Machine Learning Based Auralization of Rigid Sphere Scattering

Research output: Chapter in Book/Report/Conference proceedingConference contributionScientificpeer-review

Abstract

In this paper, we present a method to auralize acoustic scattering and occlusion of a single rigid sphere with parametric filters and neural networks to provide fast processing and estimation of parameters. The filter parameters are estimated using neural networks based on the geometric parameters of the simulated scene, e.g., relative receiver position and size of the rigid spherical scatterer. The modeling differentiates an unoccluded and an occluded source-receiver path, for which different filter structures were used.
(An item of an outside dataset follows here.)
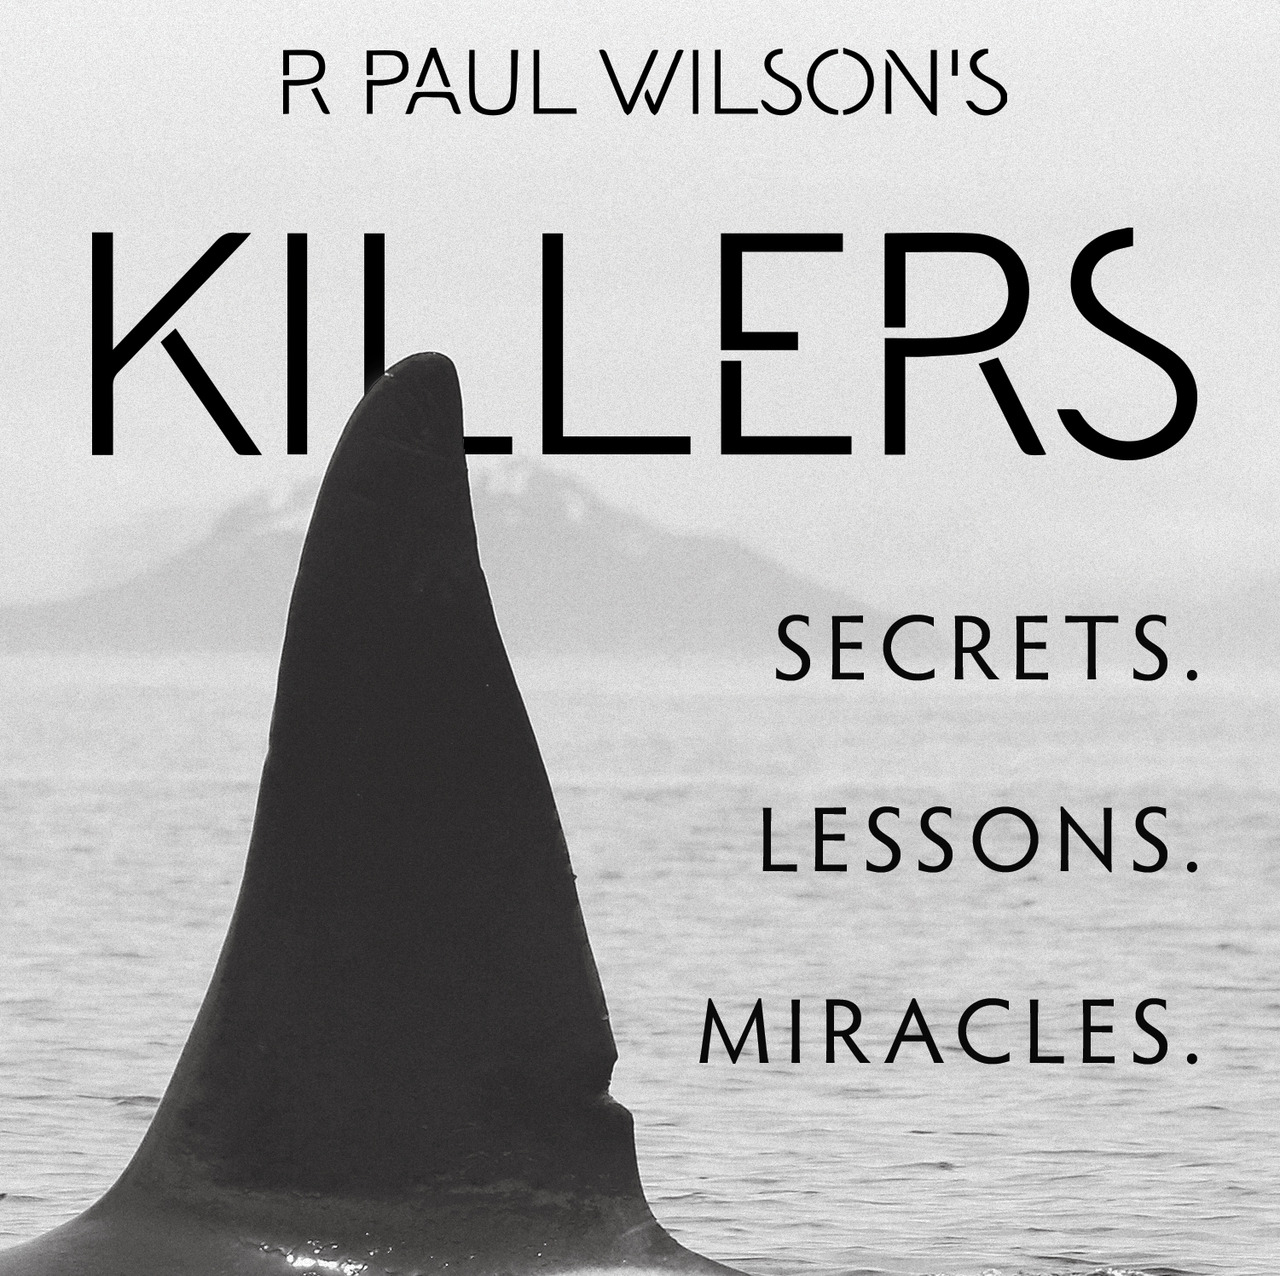 R. Paul Wilson - Killers
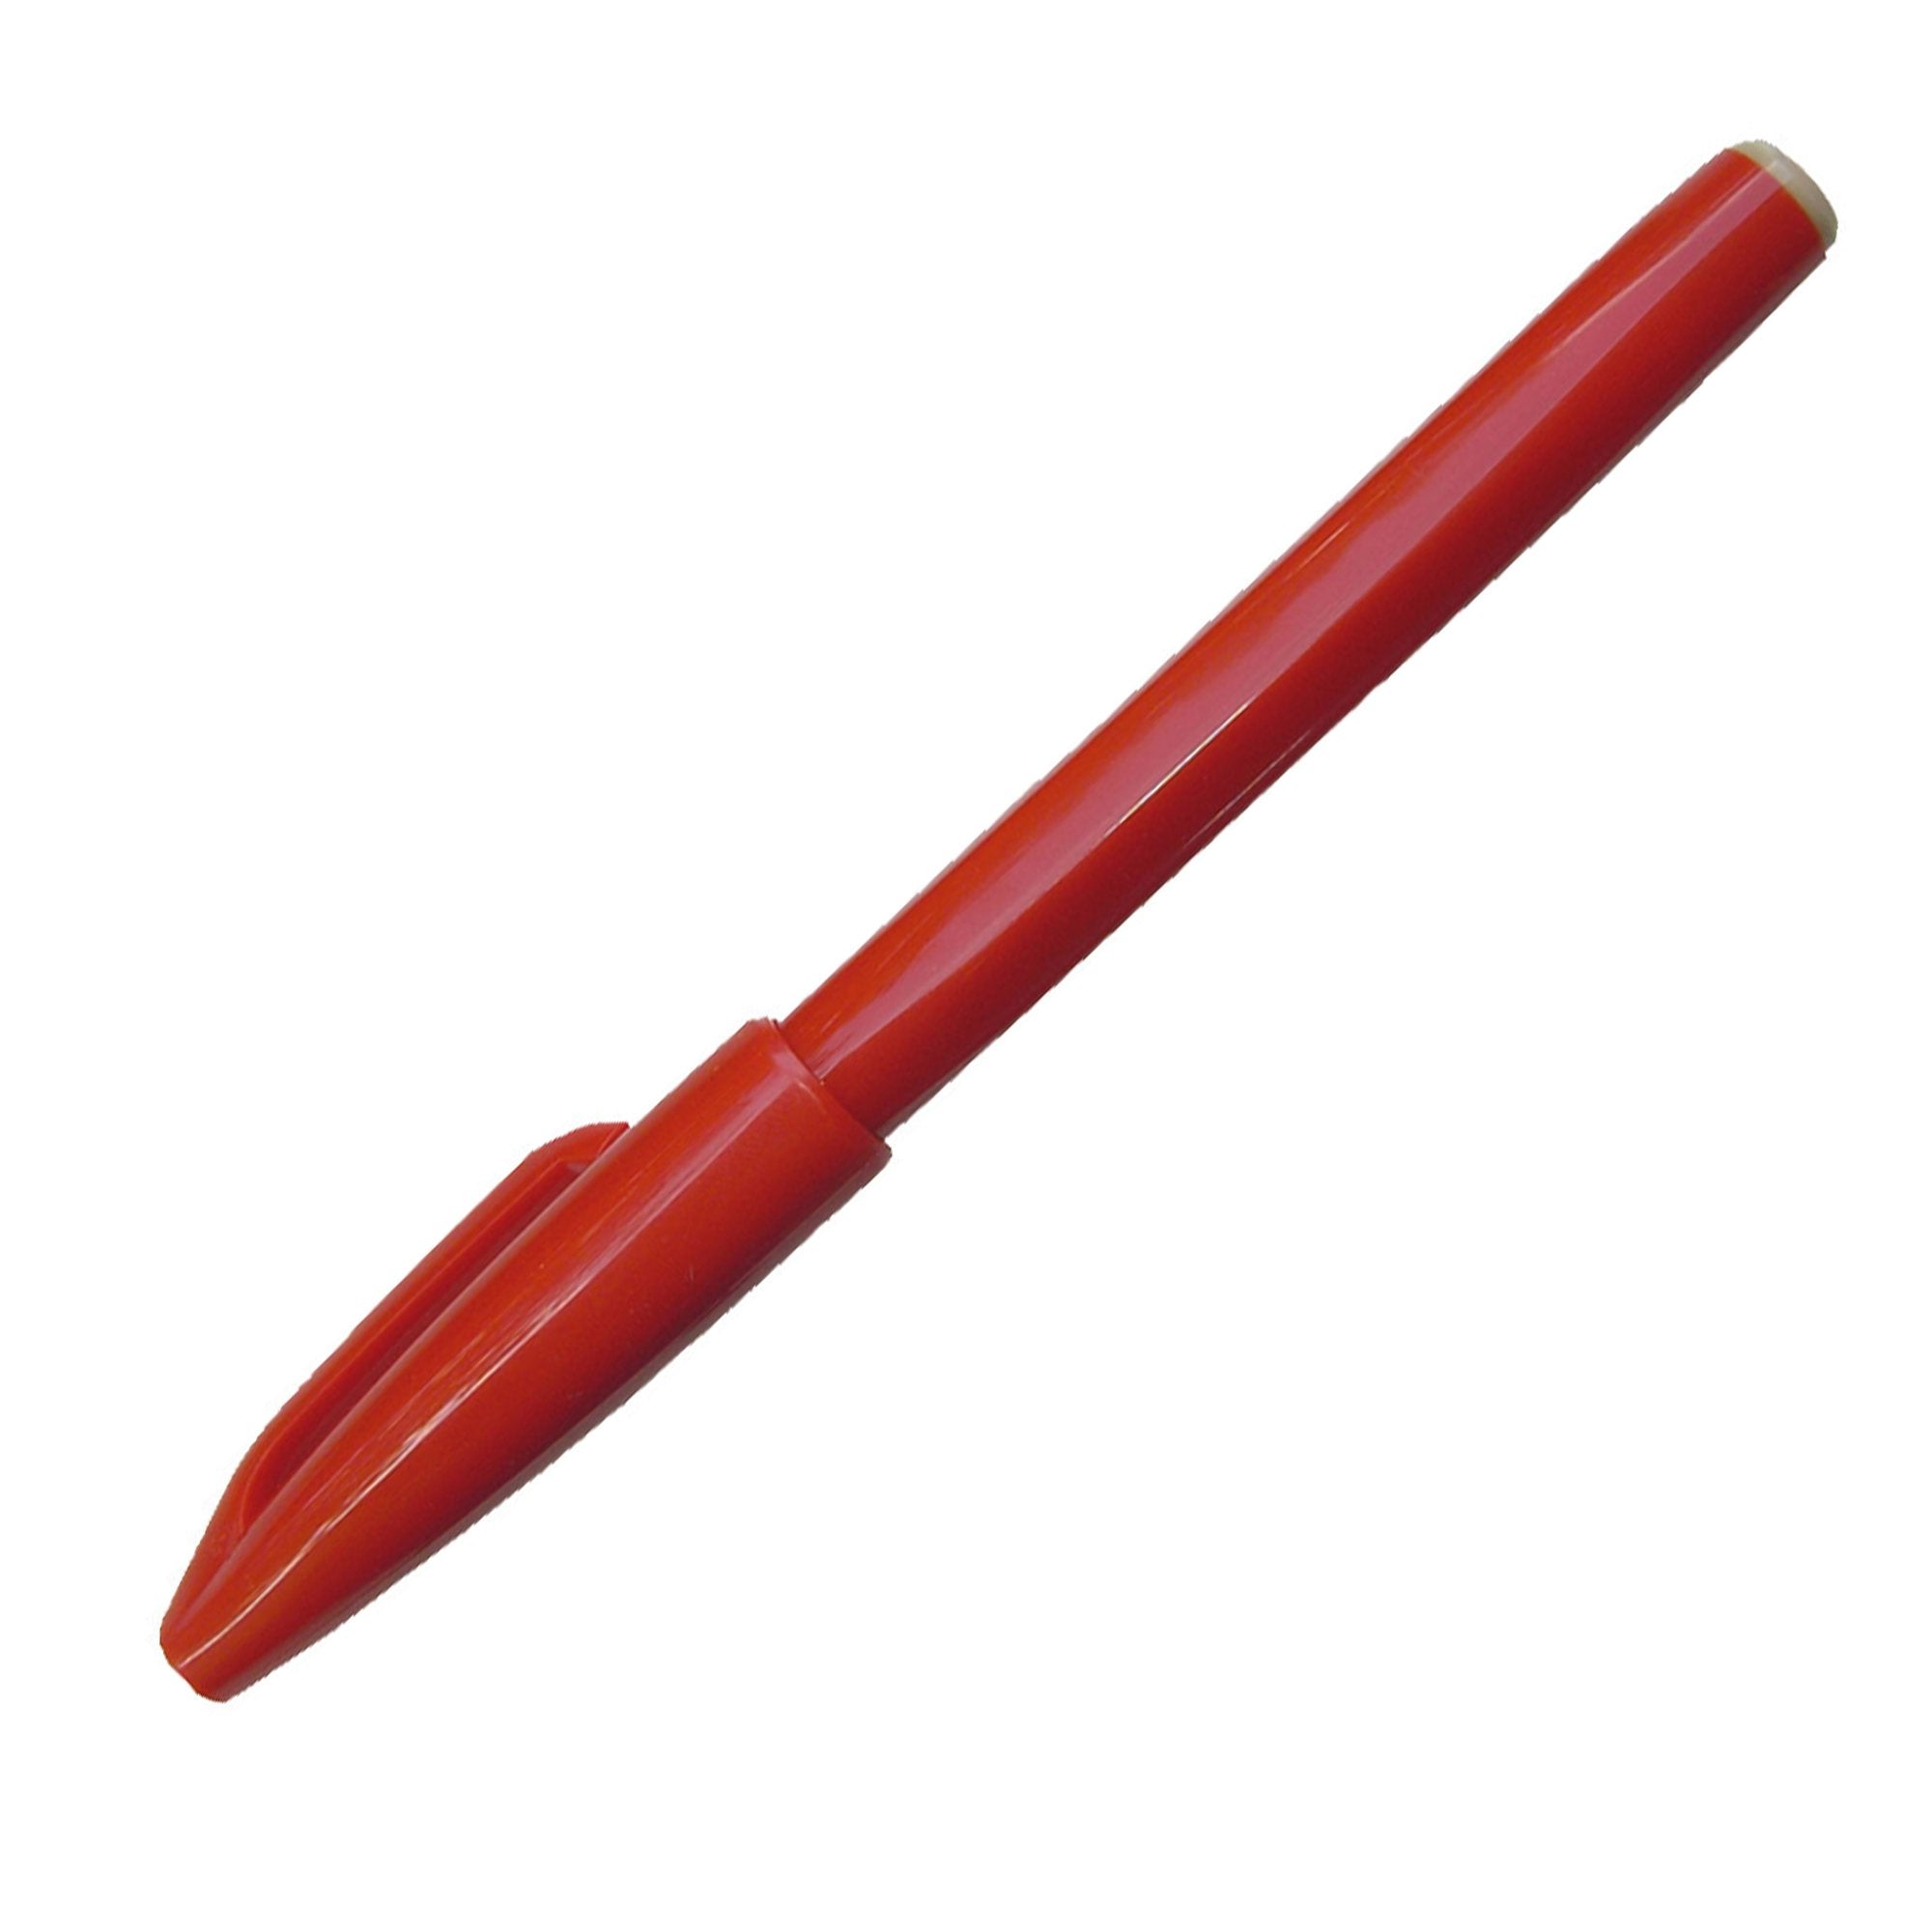 pentel-pennarello-signpen-s520-rosso

In contrast to simulating occlusion and scattering numerically or analytically methods, the proposed approach provides rendering with low computational load making it suitable for real-time auralization in virtual reality. The presented method provides a good fit for modeling the acoustic effects of a rigid sphere. Further, a listening test was conducted, which resulted in plausible reproduction of the scattering and occlusion of a rigid sphere.
Original languageEnglish
Title of host publication2021 Immersive and 3D Audio: from Architecture to Automotive (I3DA)
PublisherIEEE
Pages1-8
Number of pages8
ISBN (Electronic)978-1-6654-0998-8
ISBN (Print)978-1-6654-0999-5
DOIs
Publication statusPublished - 10 Sep 2021
MoE publication typeA4 Article in a conference publication
EventInternational Conference on Immersive and 3D Audio - Bologna, Italy
Duration: 8 Sep 202110 Sep 2021

Conference

ConferenceInternational Conference on Immersive and 3D Audio
Abbreviated titleI3DA
Country/TerritoryItaly
CityBologna
Period08/09/202110/09/2021

Keywords

  • Solid modeling
  • Three-dimensional displays
  • Computational modeling
  • Neural networks
  • Virtual reality
  • Receivers
  • Rendering (computer graphics)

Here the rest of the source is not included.